3) complementary oligonucleotide that adheres to magnetic bead or latex bead.

11. the method for amplification in vitro purpose nucleotide sequence according to claim 1 is characterized in that described detection system comprises the chip hybridization detection system.

12. the method for amplification in vitro purpose nucleotide sequence according to claim 6 is characterized in that described detection system comprises:

1) detection system of PCR-based product length;

2) based on mass spectral detection system.

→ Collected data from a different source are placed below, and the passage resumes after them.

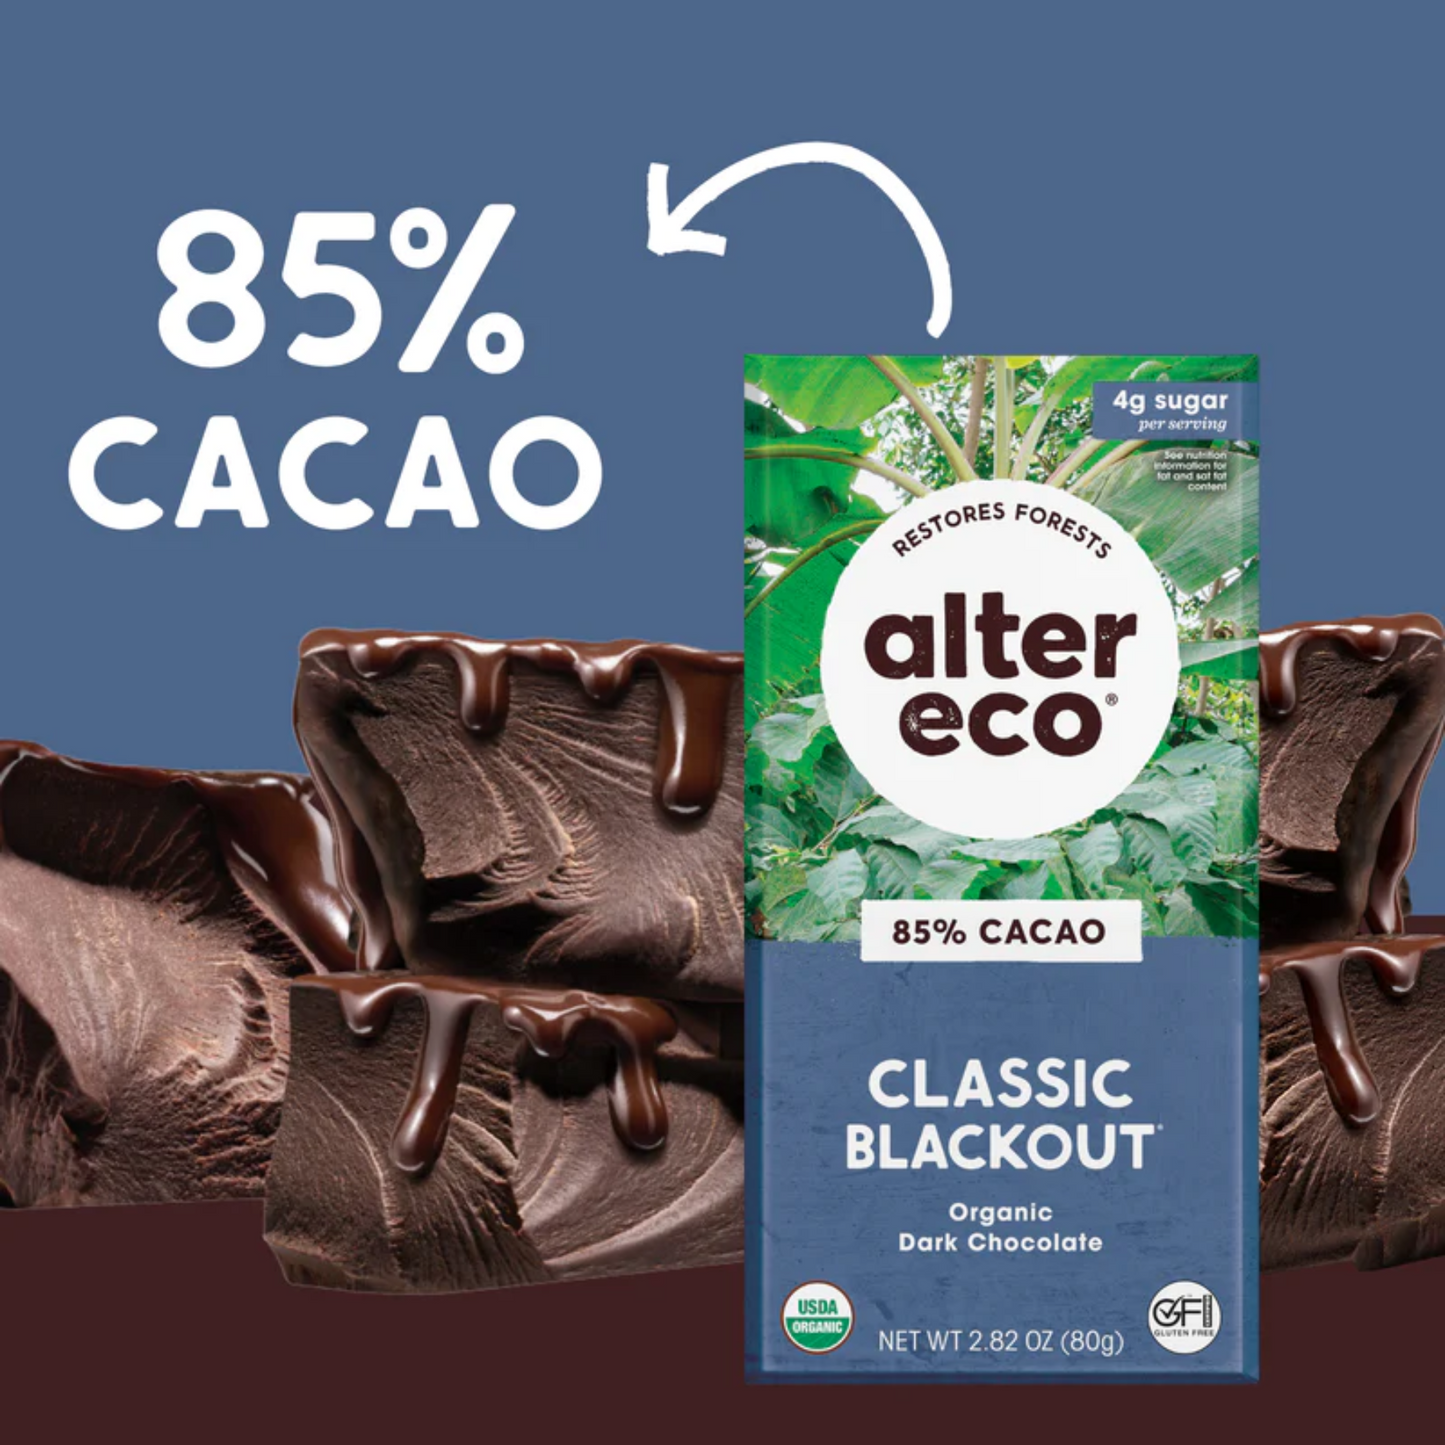 Alter Eco Chocolate 80g, Classic Blackout Flavour 85% Cacao, Certified Organic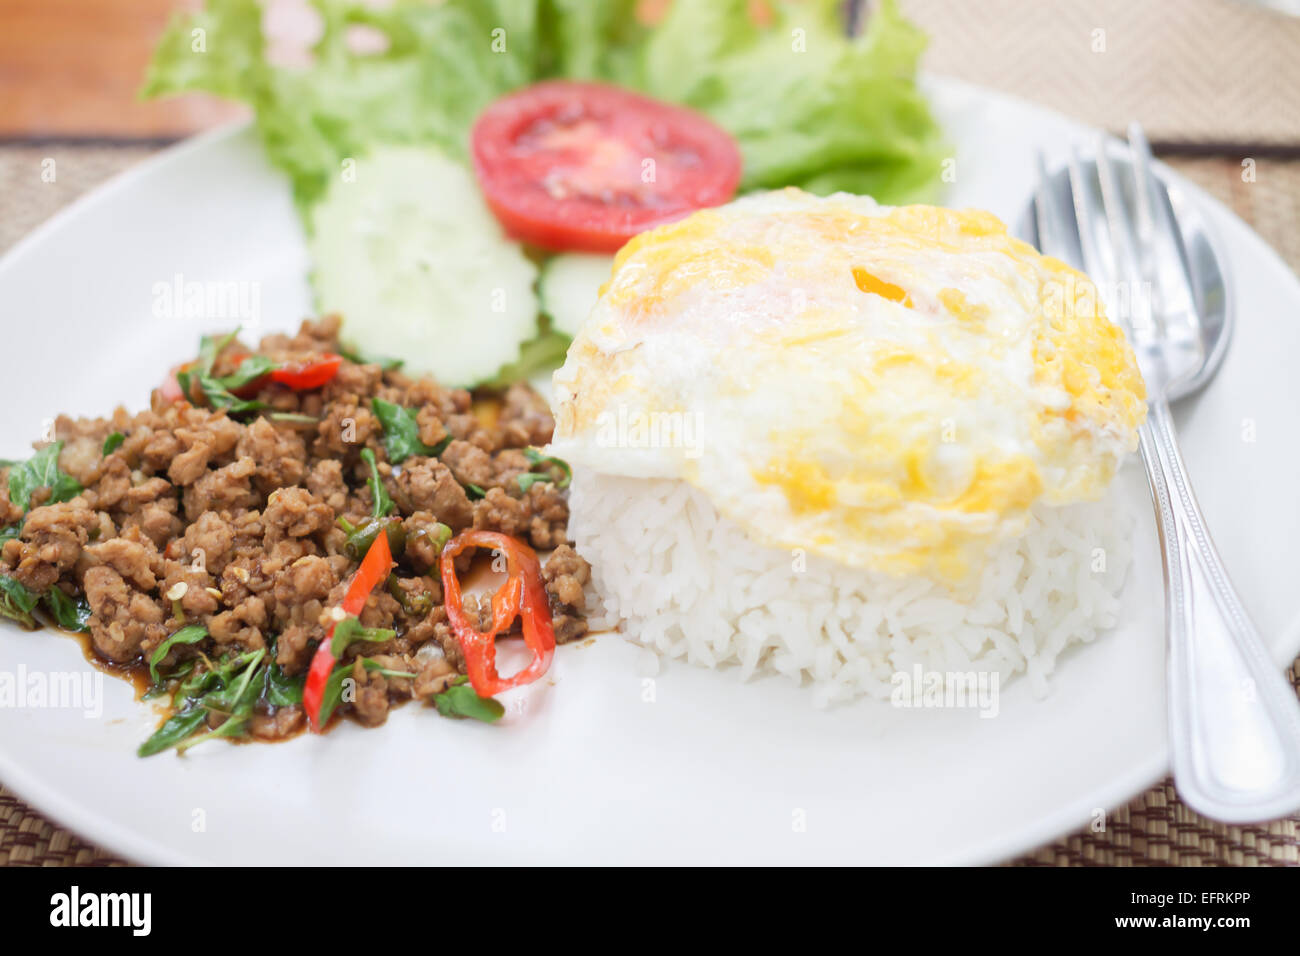 Thai spicy food basil pork fried rice with fried egg, stock photo Stock Photo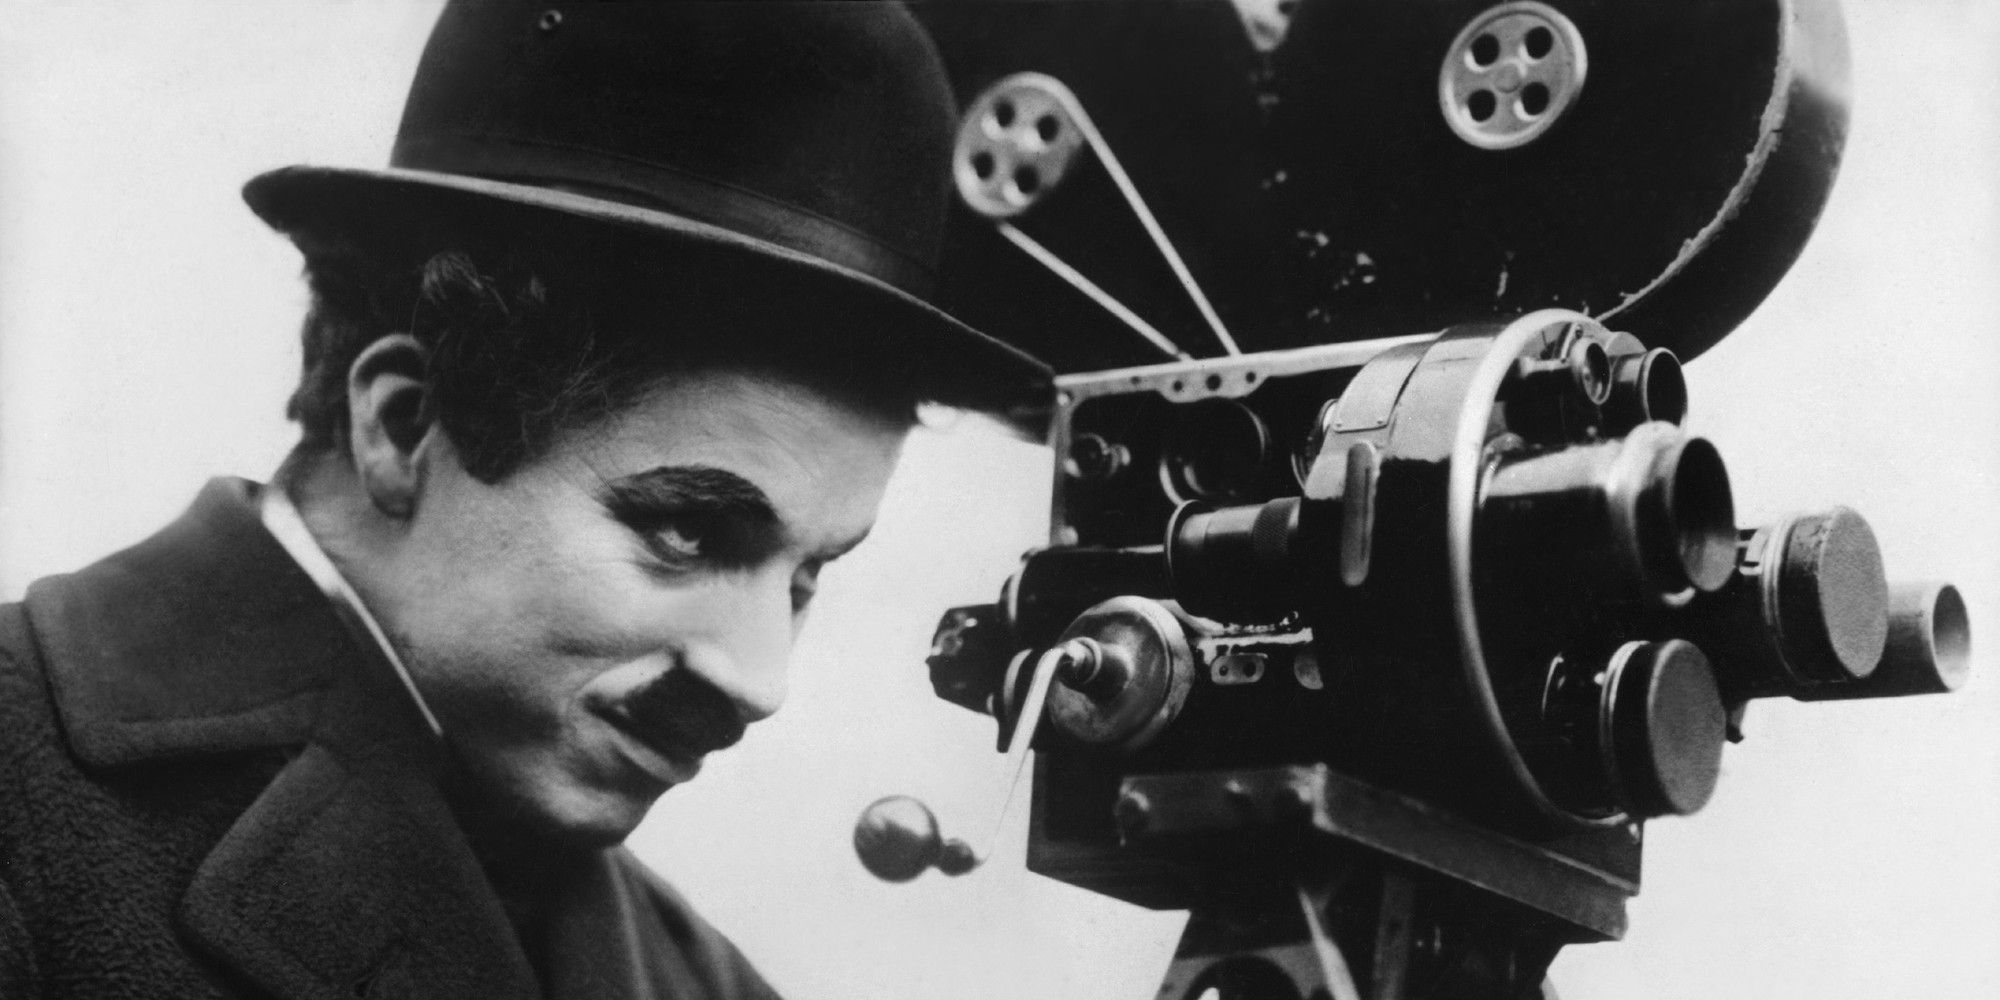 How to Get Charlie Chaplin Look on a Digital Camera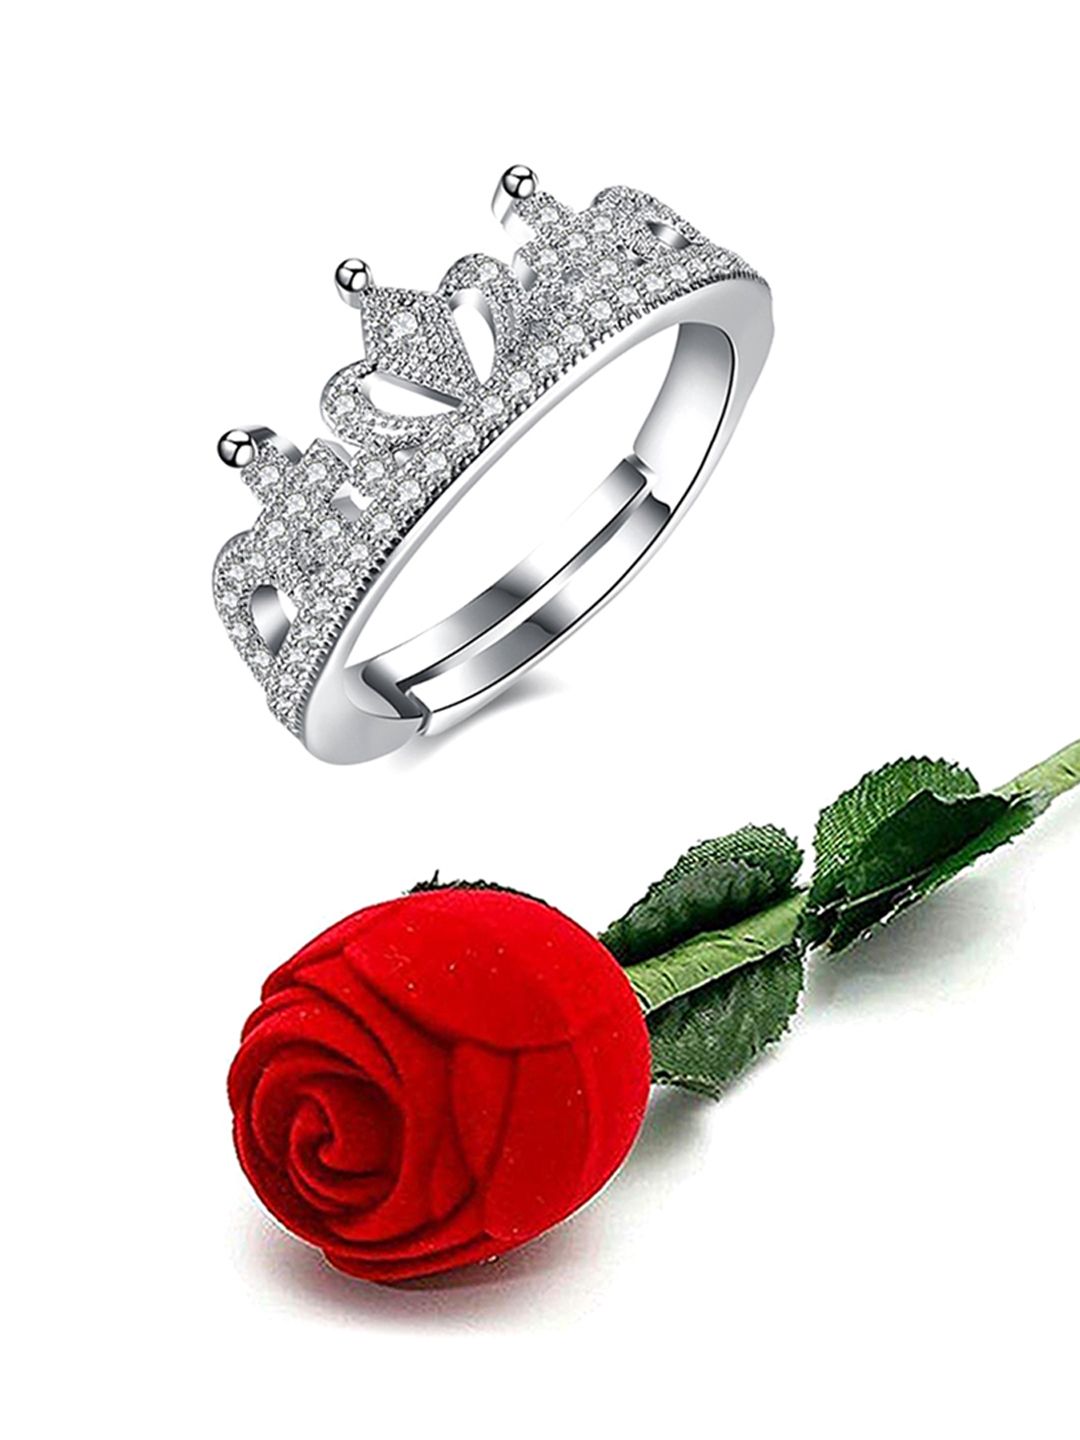 Yellow Chimes Silver-Plated Crown Crystal Ring in Velvet Rose Ring Box Price in India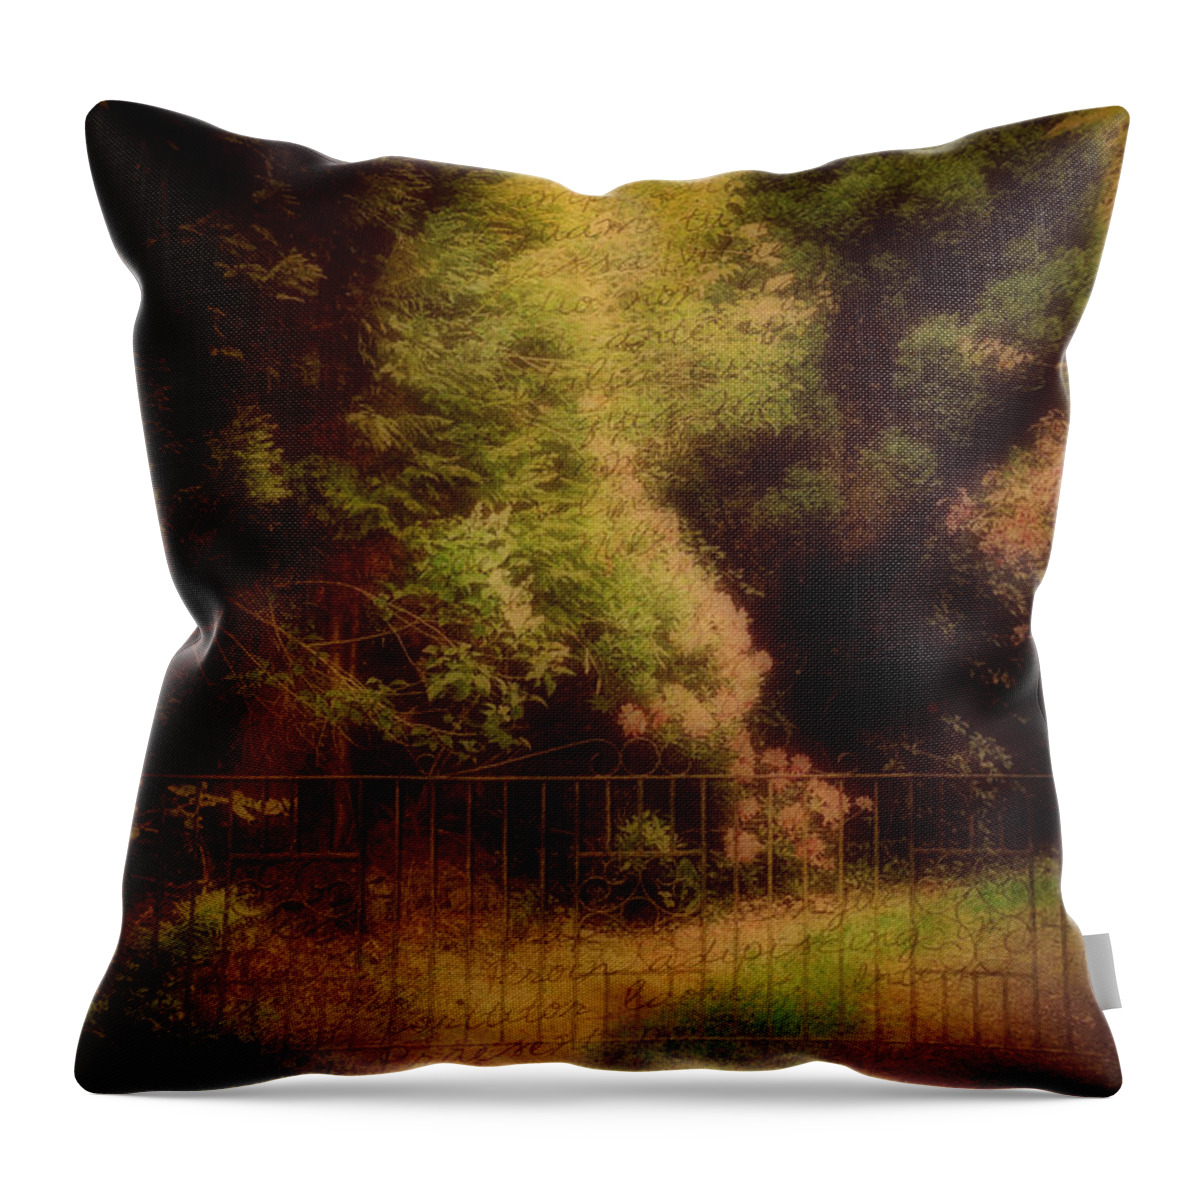 Garden Throw Pillow featuring the photograph Enchanted Path by Marilyn Wilson

13. the multiple detection method of a plurality of purpose nucleotide sequences in the single sample of amplification, described method comprises:

(1) form polymerization-ligation mixture, comprising:

(i) target nucleic acid sequence;

(ii) oligonucleotide probe, the required oligonucleotide probe of each purpose nucleotide sequence amplification comprises the upstream oligonucleotide probe, its 3 ' end has at least a part of first section with first end of target nucleic acid sequence complementary basically, the downstream oligonucleotide probe, its 5 ' end has at least a part of second section with second end of target nucleic acid sequence complementary basically, in the intervening sequence of purpose nucleotide sequence between first section and second section, wherein terminal the and downstream oligonucleotide probe of upstream oligonucleotide probe 5 ' 3 ' is terminal respectively contains one section universal primer sequence respectively;

(iii) at least 4 kinds of different nucleotide bases;

(iv) polysaccharase and ligase enzyme;

(3) detect described a plurality of amplicons, be present in the described sample to show described purpose nucleotide sequence.